Dramatically improved outcomes

So far, over 6,500 patients have engaged with the service. Ways to Wellness cohort costs per head were 27 per cent lower than comparable areas, and 14 per cent of GPs’ time had been released to treat other people. “These outcomes represent a dramatic shift for the west end of Newcastle-upon-Tyne, which includes some of the most deprived areas in England,” says Professor Drinkwater. “It shows the importance of exploring with people many dimensions of their lives. By measuring the progress they make – and sharing the learning at all levels – we can support people more effectively as they try to make further advances in managing their lives.”

Or as a Ways to Wellness client puts it: “I do believe that knowing the Ways to Wellness team is like winning a lottery ticket in life.”

It is also possible to use these data science techniques to understand impact outside of the health system. For example, projects have been able share anonymised data with HMRC (cf. chapter 3) to understand people’s earnings evolution during the years after interacting with a specific service – which not only eliminates burdensome data collection but crucially provides better data than simply checking whether someone found a job or not. Projects can see whether they helped people into good-quality jobs, and armed them with the tools to progress further once they were back on the employment ladder. Conversely, if people face difficulties, sensitive data sharing with other government agencies (like the Jobcentre, or probation services) can prevent temporary difficulties from irrevocably undoing the progress made to date (cf. chapter 8).
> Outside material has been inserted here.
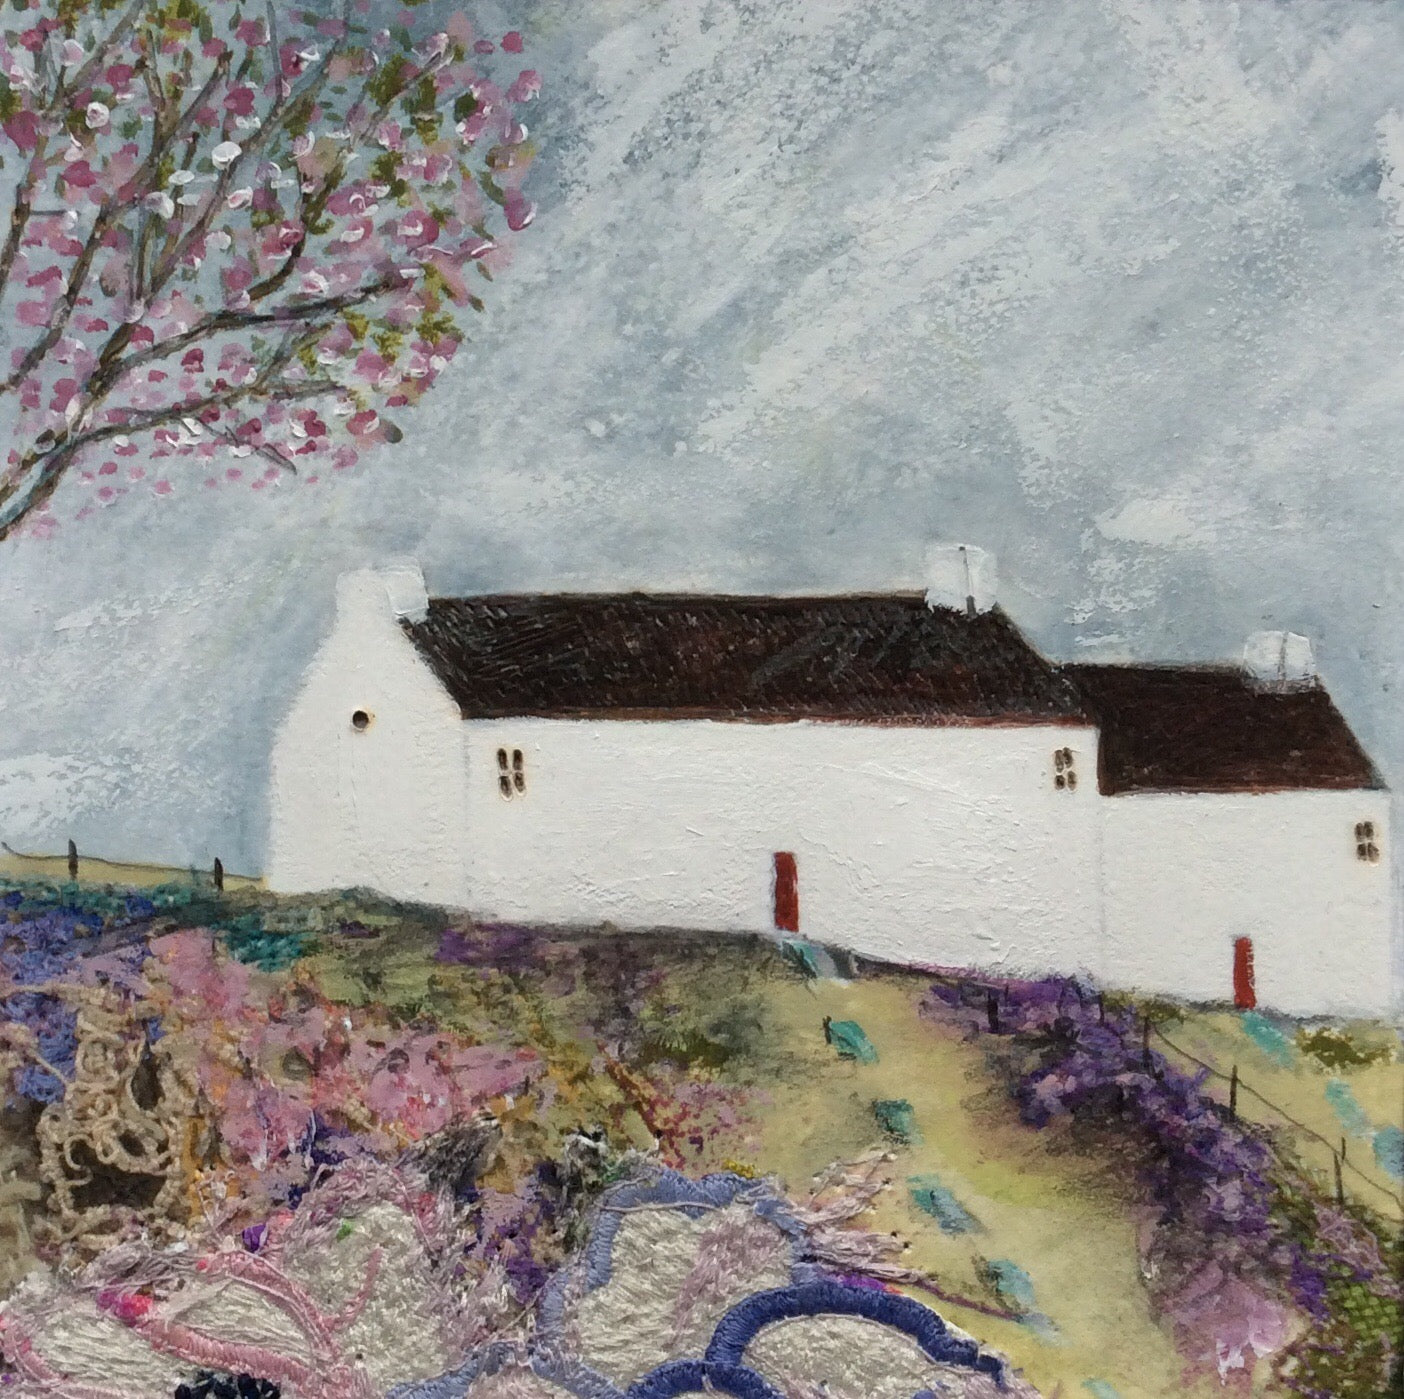 Mixed Media Art print work by Louise O'Hara "A calm summers day"

Both the Office for National Statistics and the UK Data Service have invested heavily into ‘secure environments’ where sensitive data can be housed. Accredited researchers are able to access and link data from a huge array of sources across government. The ‘5 safes’ approach ensures that individuals remain completely protected from possible identification, and all data privacy legislation is fully respected; while for the first time giving researchers the ability to bring together a complete picture of what is happening to a cohort of people over time.

These sophisticated approaches are now being expanded into an even more ambitious collaboration across public services: Spring, a service in Northamptonshire that builds on the successes of Ways to Wellness and Thrive North East Lincolnshire (cf. chapter 7). For the first time anywhere in the country, the local councils, public health services, NHS bodies and central government have come together to jointly commission a service to help people across the region to manage their health and wellbeing, before their conditions worsen. Instead of the tragic (and expensive) amputations required for late-stage diabetes, Northamptonshire is successfully helping people to mitigate and even reverse the condition in its early stages. Instead of seeing people slide into unemployment, and costly mental health treatment, the county is helping people like Theresa to treat loneliness and depression earlier, before it becomes permanent. Life-changing preventative support is offered, and the consortium of government agencies monitors the resultant cost savings and reduction in pressure on other services as they happen.